WHAT YOU SHOULD DO>
The answer must consist solely of the lines from the line with "Maria-Svarbova-exhibition-taipei-10" to the final line of the data below, reproduced exactly, pictures omitted.

[Stored dataset items]
================================

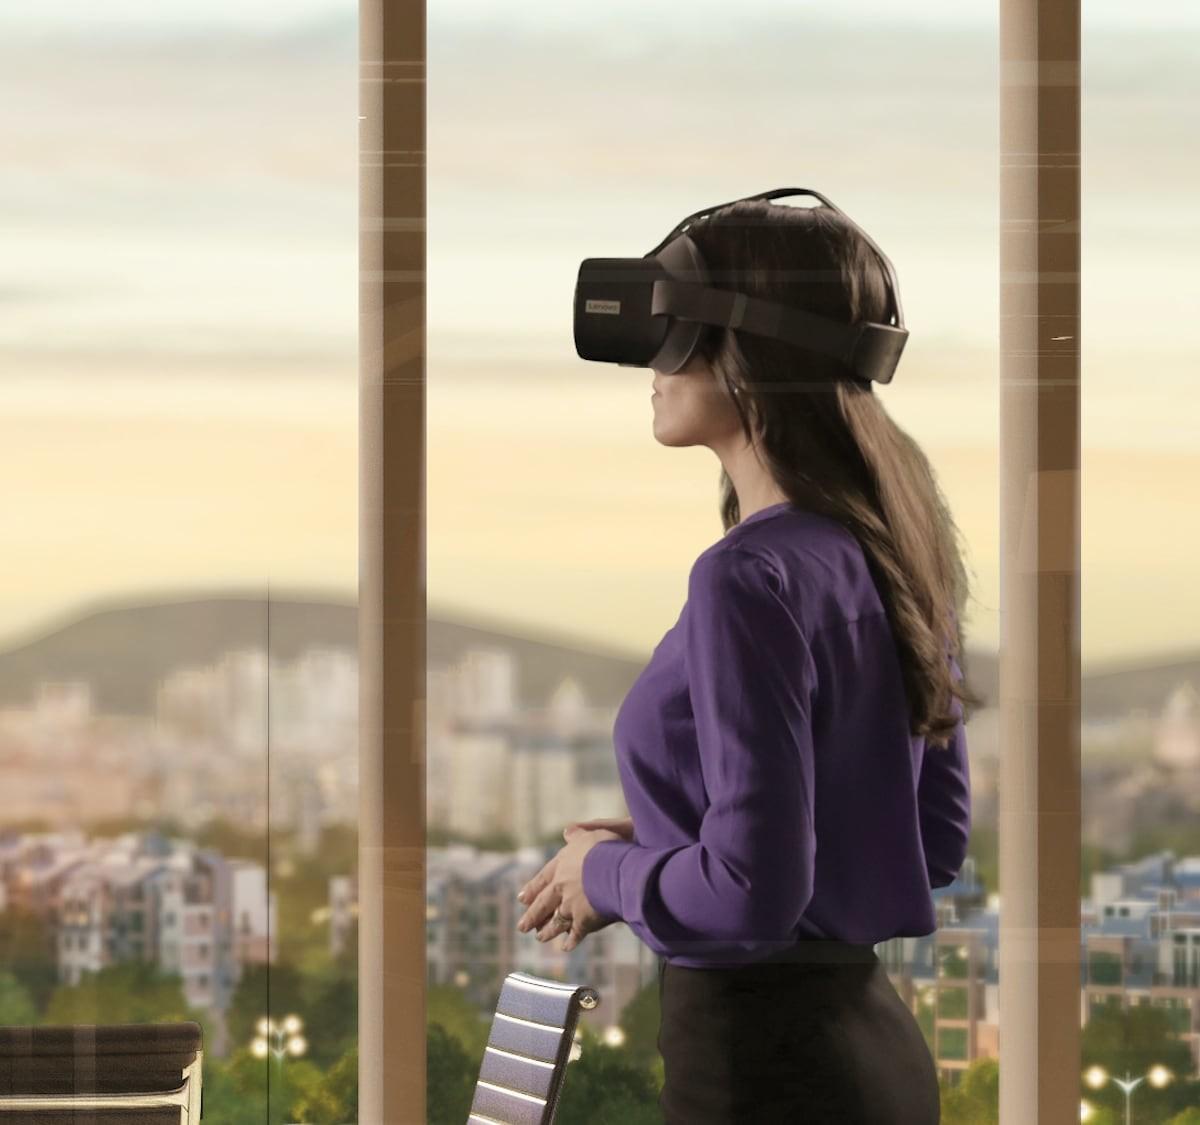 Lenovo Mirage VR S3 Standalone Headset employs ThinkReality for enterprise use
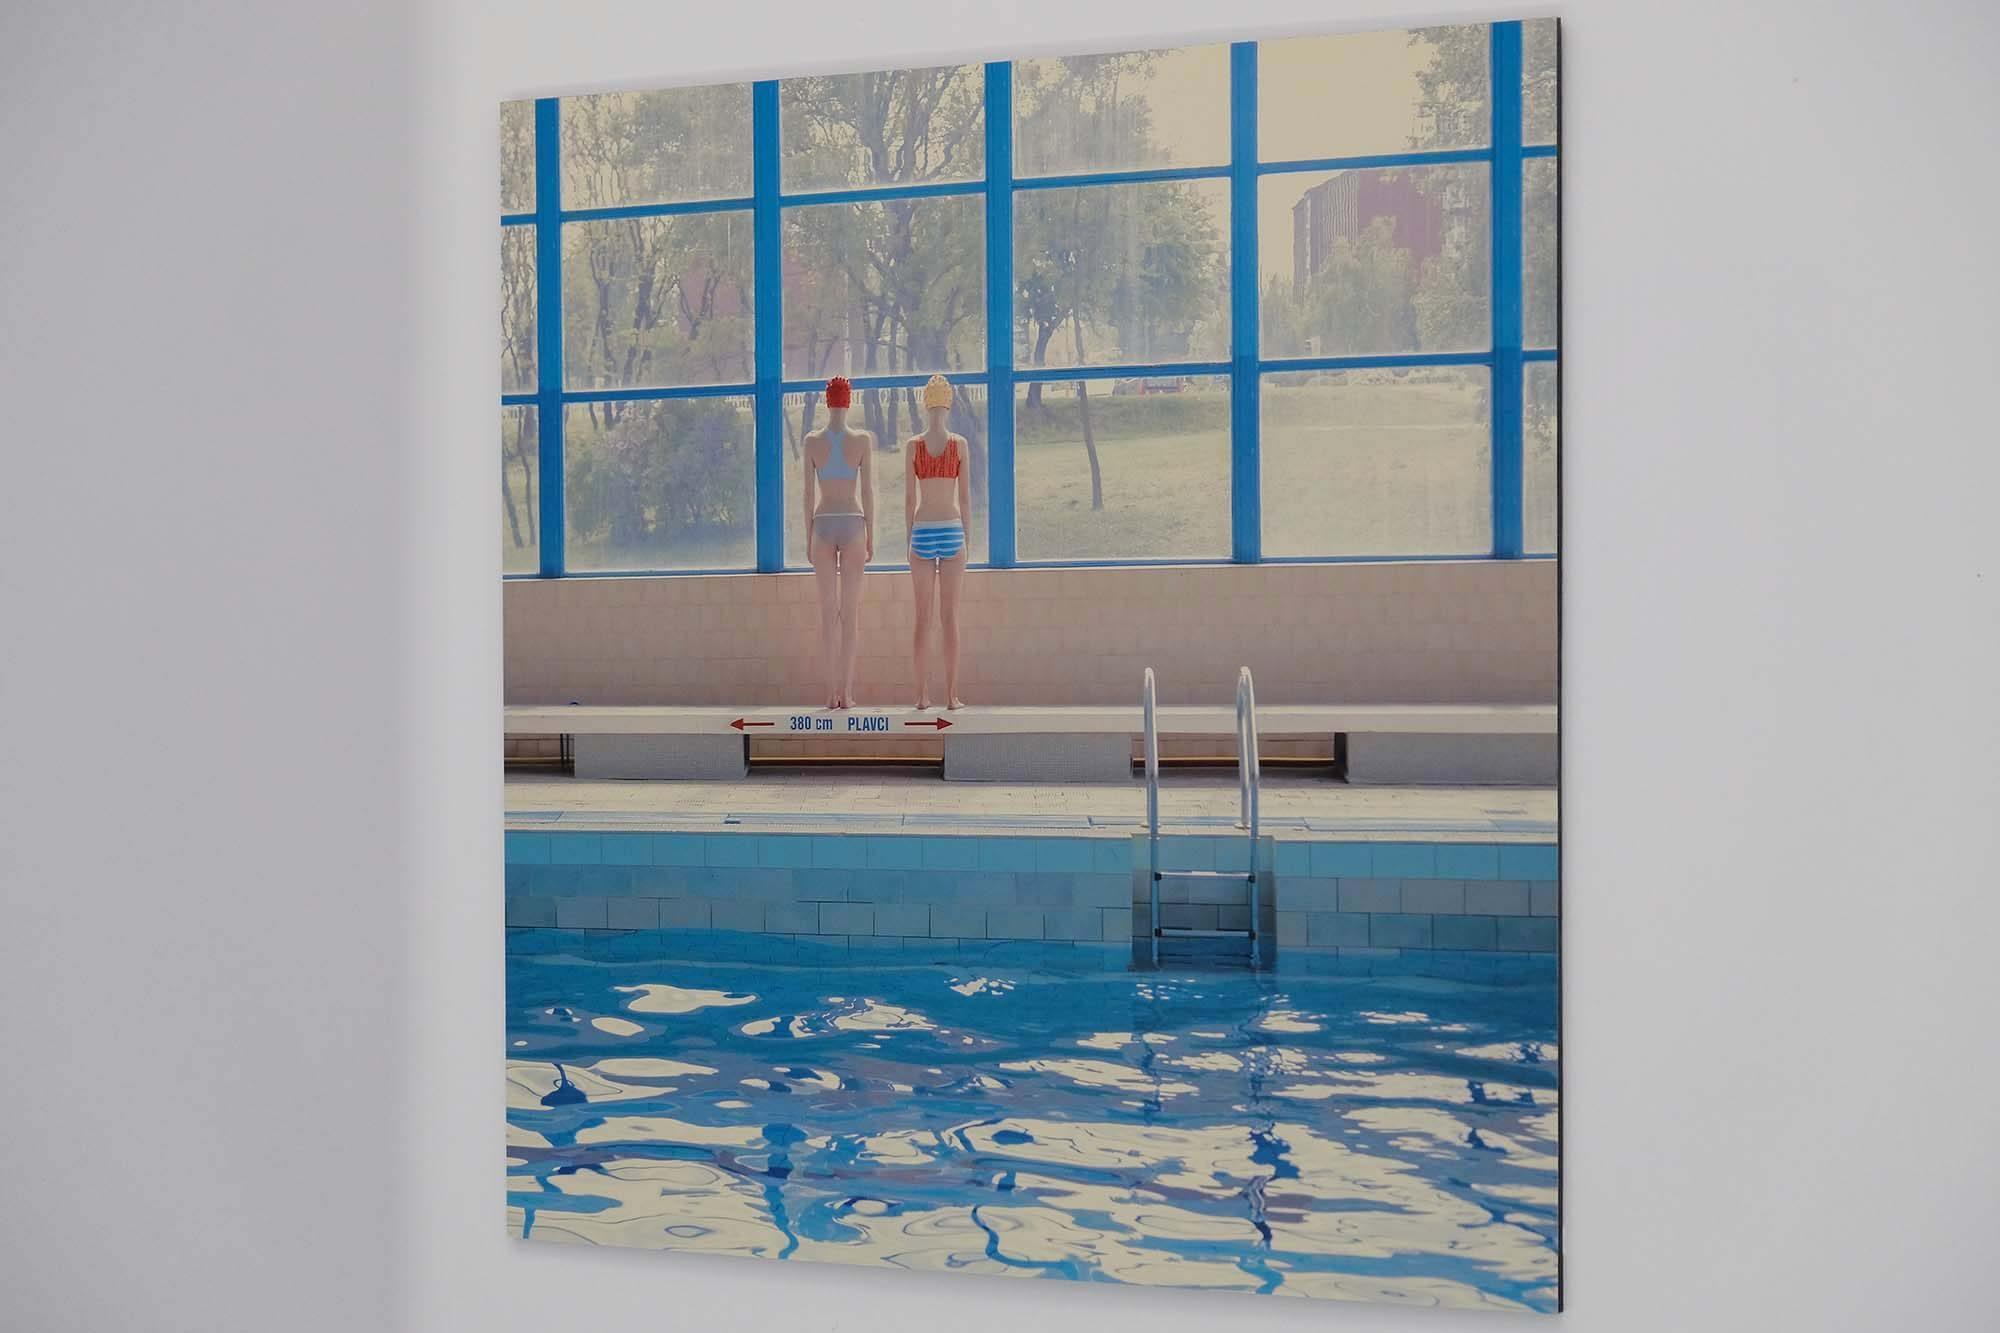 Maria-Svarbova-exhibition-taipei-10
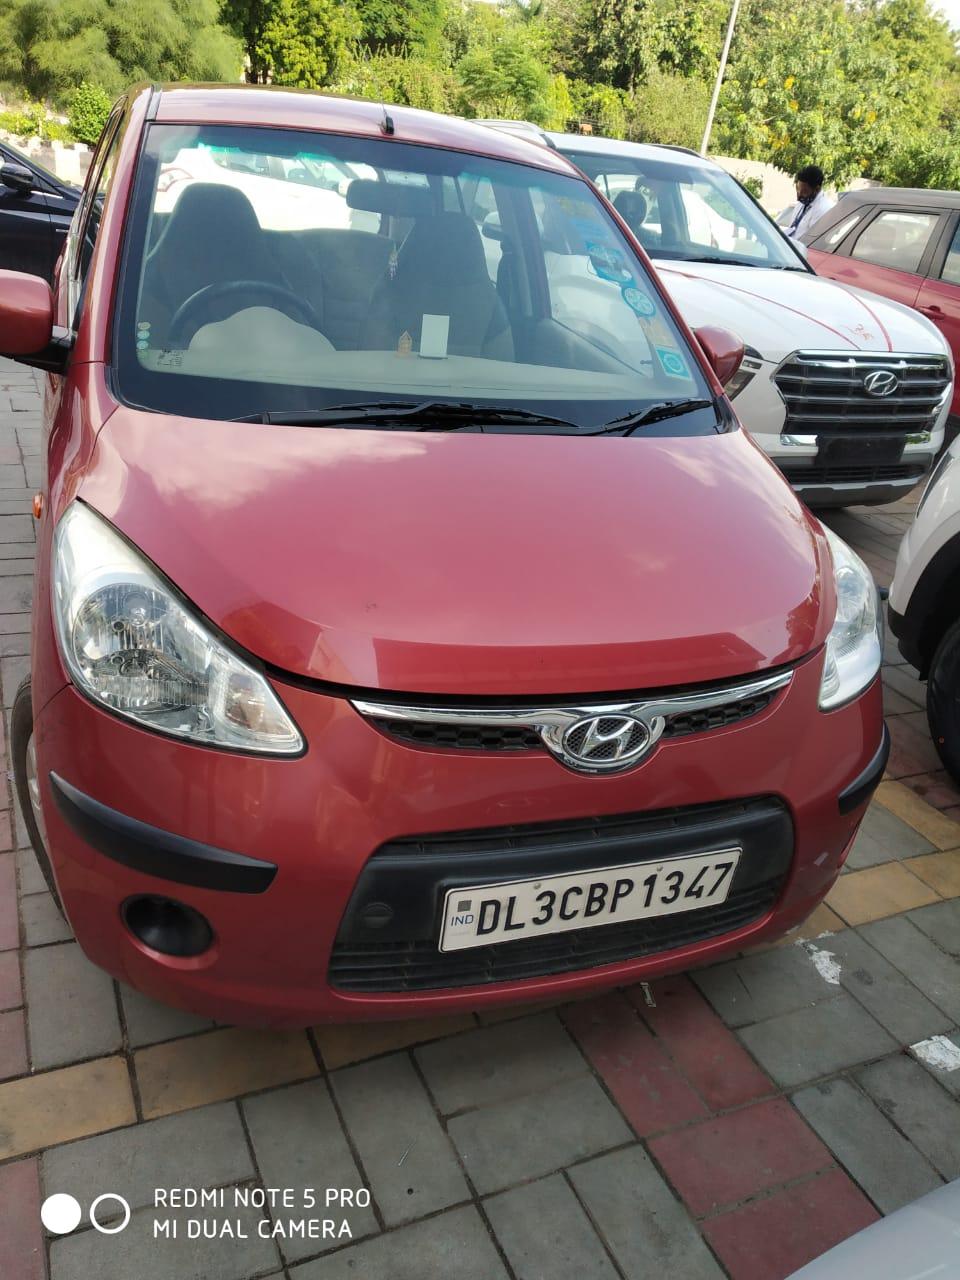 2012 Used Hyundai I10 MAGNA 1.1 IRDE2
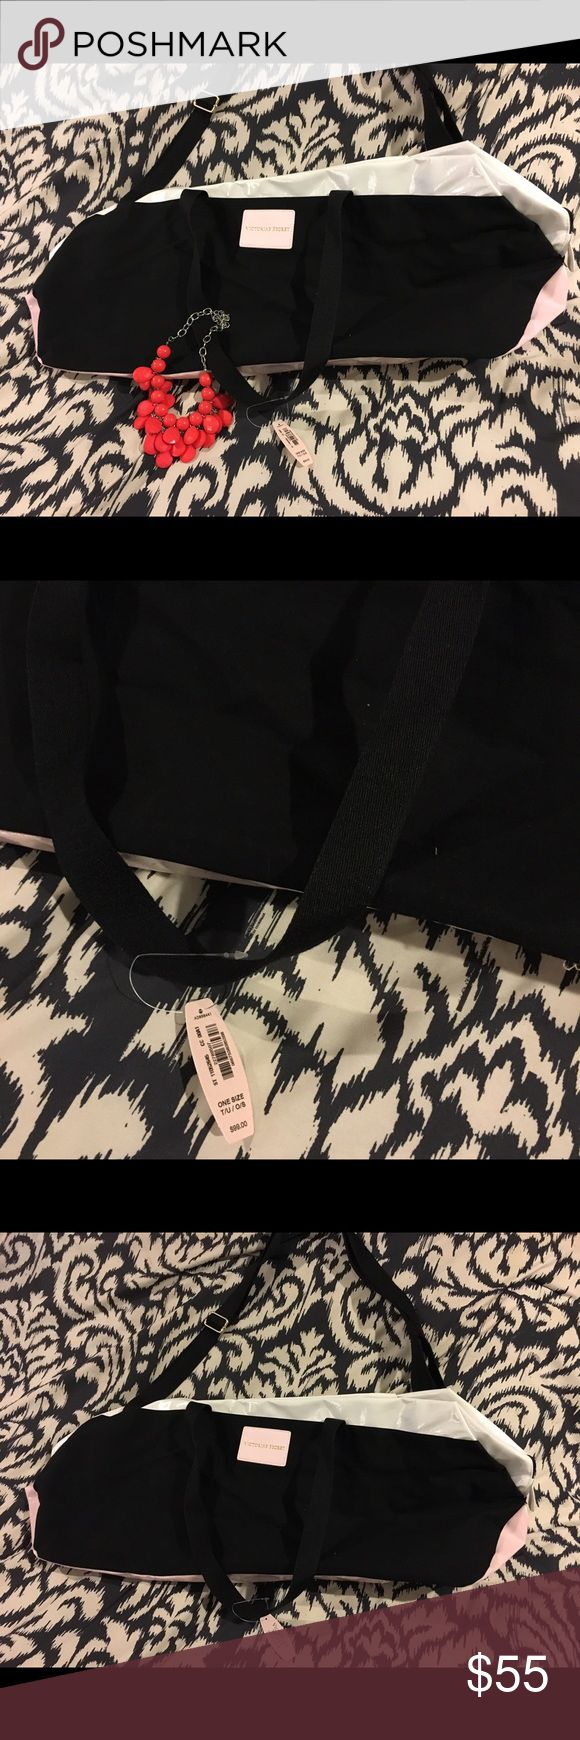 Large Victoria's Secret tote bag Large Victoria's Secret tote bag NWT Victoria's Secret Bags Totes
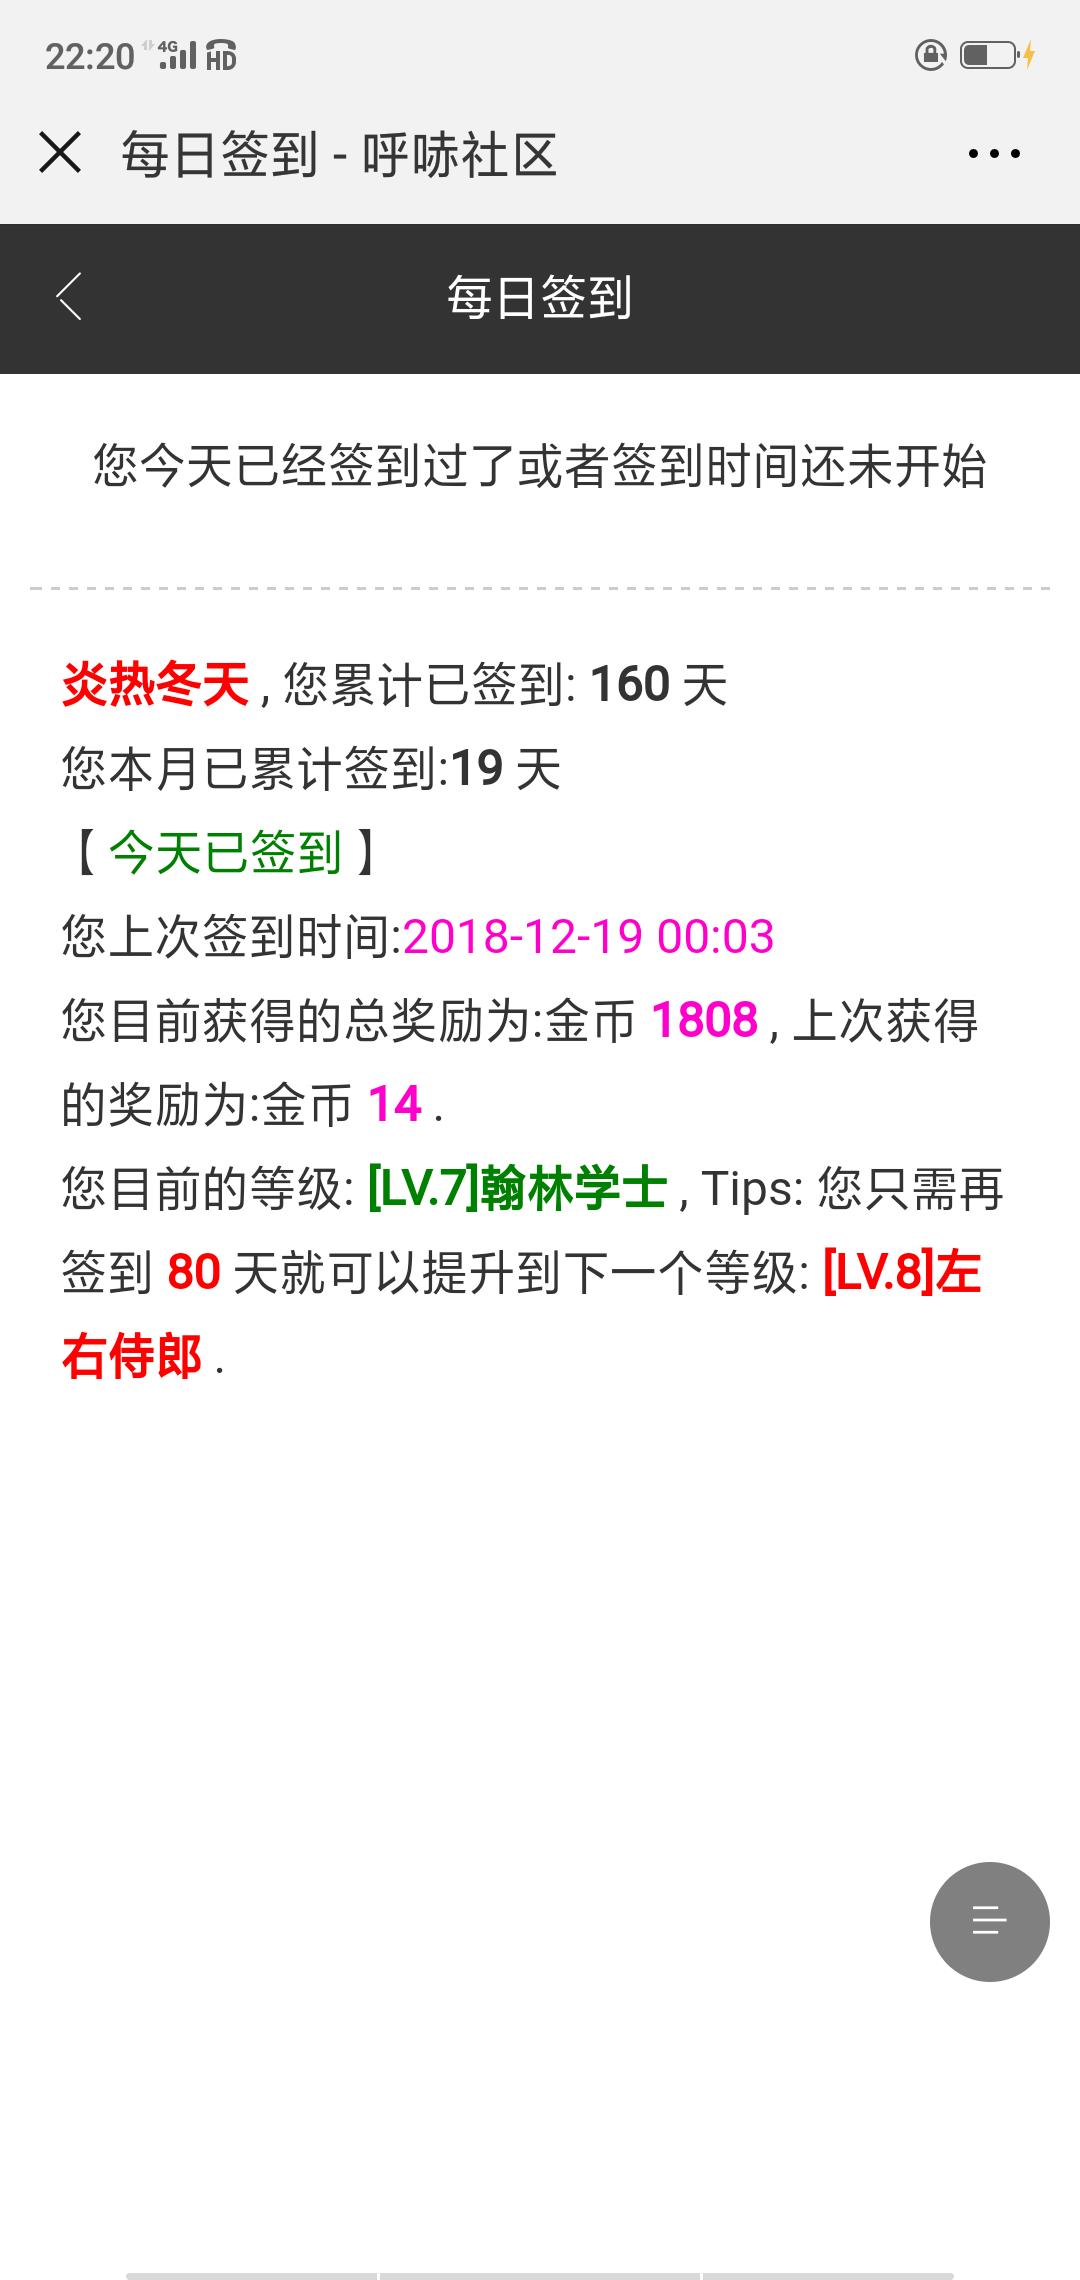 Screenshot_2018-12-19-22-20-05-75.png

================================

RESPONSE FOR THIS EXERCISE>
 Maria-Svarbova-exhibition-taipei-10
 2012 Used Hyundai I10 MAGNA 1.1 IRDE2
 Large Victoria's Secret tote bag Large Victoria's Secret tote bag NWT Victoria's Secret Bags Totes
 Screenshot_2018-12-19-22-20-05-75.png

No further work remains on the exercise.